Sandia releases cluster management tool
- By Joab Jackson
- Jan 18, 2007
The Energy Department's Sandia National Laboratories has publicly released a cluster management application under an open-source license. The program, called Ovis
, can monitor the performance and health of individual computers within a cluster or other networked environments.
Ovis is different from the commercial computational platform monitoring and analysis products in that it offers a statistical approach to determining abnormal performance, said Philippe Pebay, a member of the Sandia technical staff who helped develop the software.

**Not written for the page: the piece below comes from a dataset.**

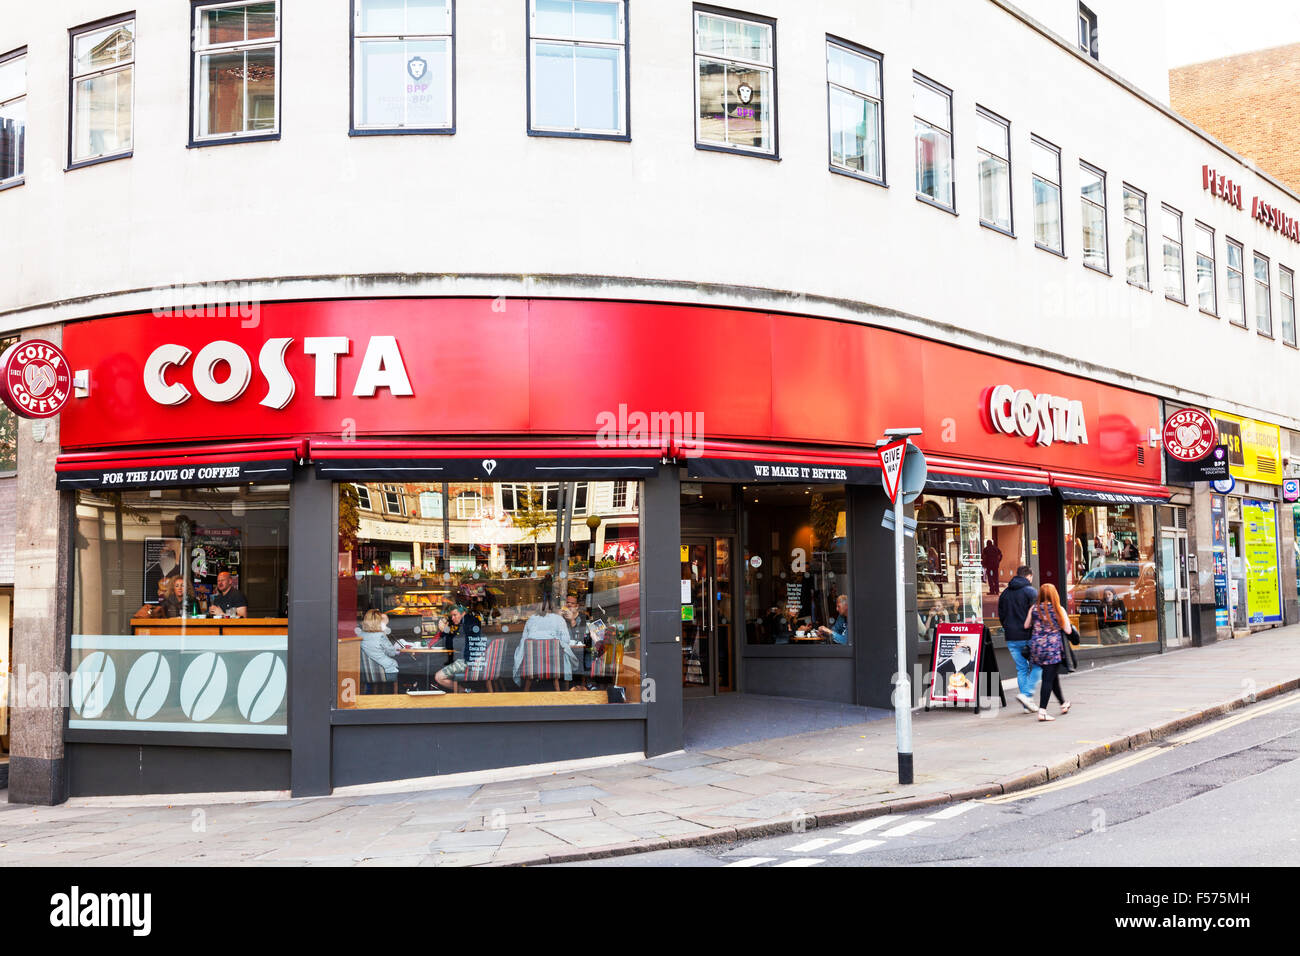 81648a709e7a Costa coffee chain Shop store name sign building exterior facade entrance  Nottingham City centre UK GB England Nottinghamshire
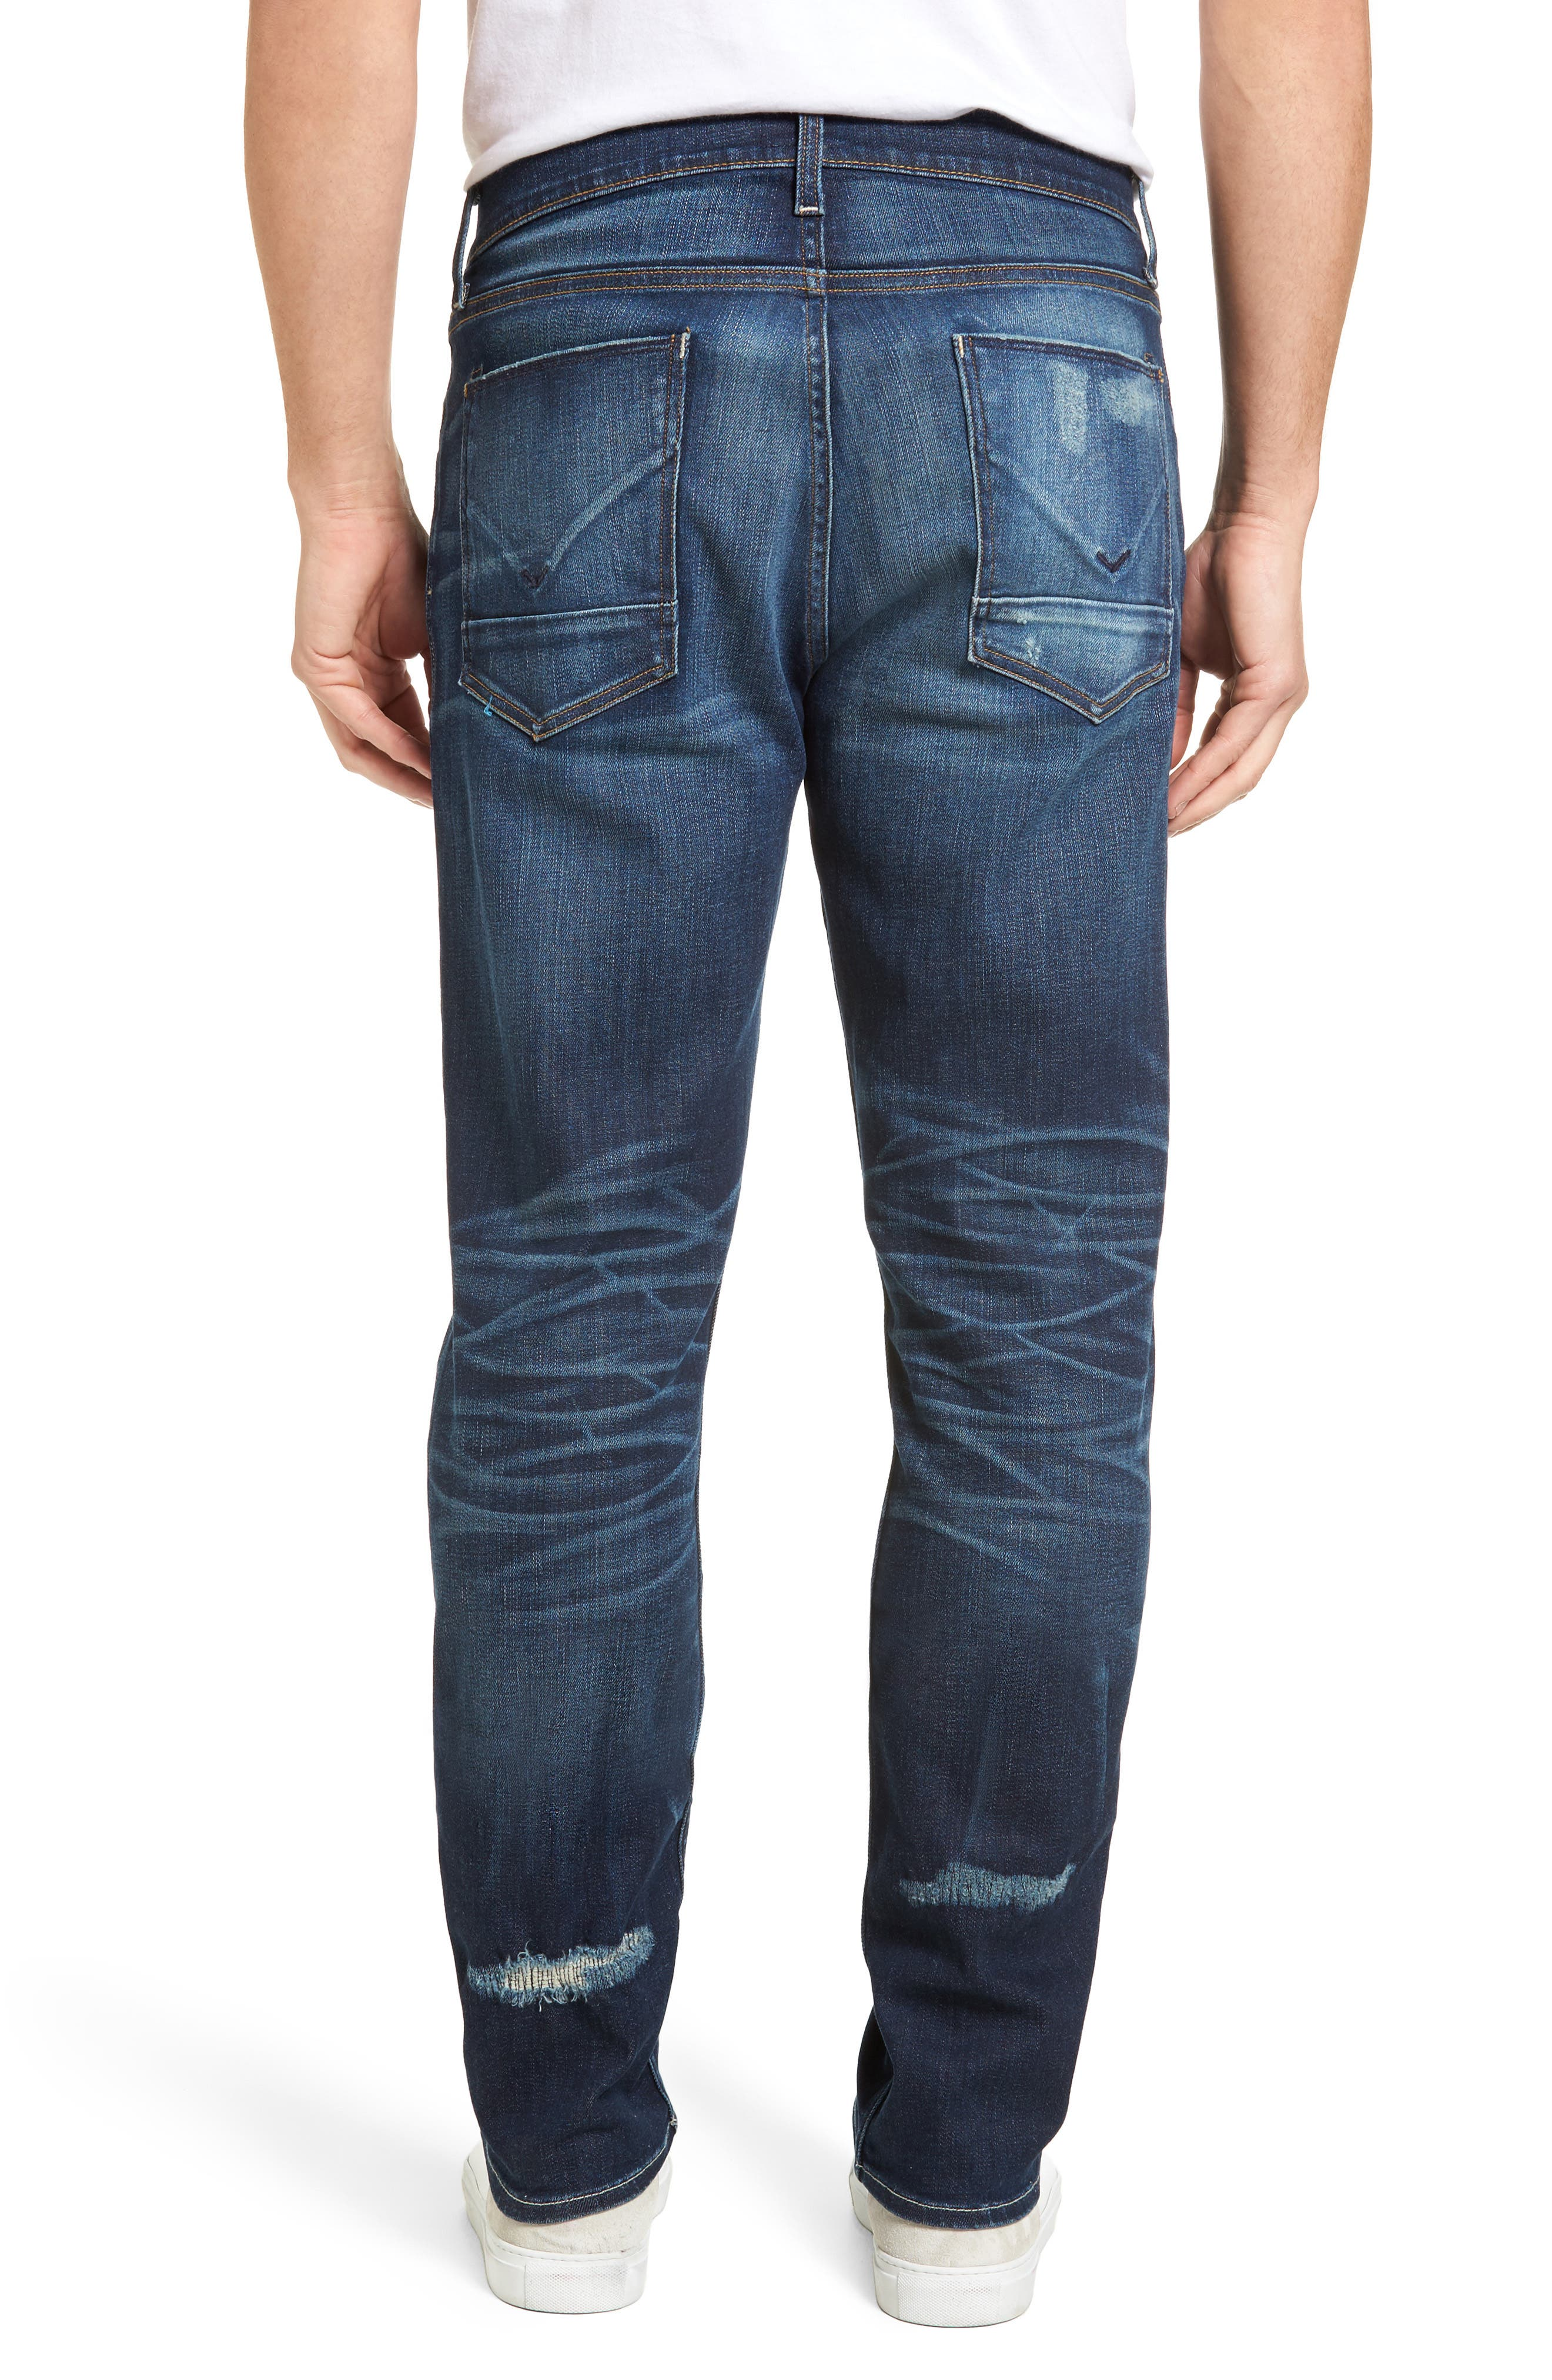 Blake Slim Fit Jeans,                             Alternate thumbnail 2, color,

Sandia's labs started working on the software two years ago, following a year of preliminary research into the field of intelligence monitoring. Commercial products monitor for absolute thresholds, which are often set at a high level to prevent false positives. For instance, Intel offers software that alerts administrators when the temperature of a CPU goes above a certain point.
When the research body first investigated these tools they found in most cases that they 'were pretty crude,' Pebay said. 'They were not able to address some of the problems we were facing.'
The CPU heat monitor, for instance, is only of limited help in data center environments, where the ambient temperature fluctuates. For instance, it takes into account when processors are running more coolly than normal, perhaps due to a fan that is constantly running. Such a constant-running fan may burn out sooner than expected, overheating the CPU.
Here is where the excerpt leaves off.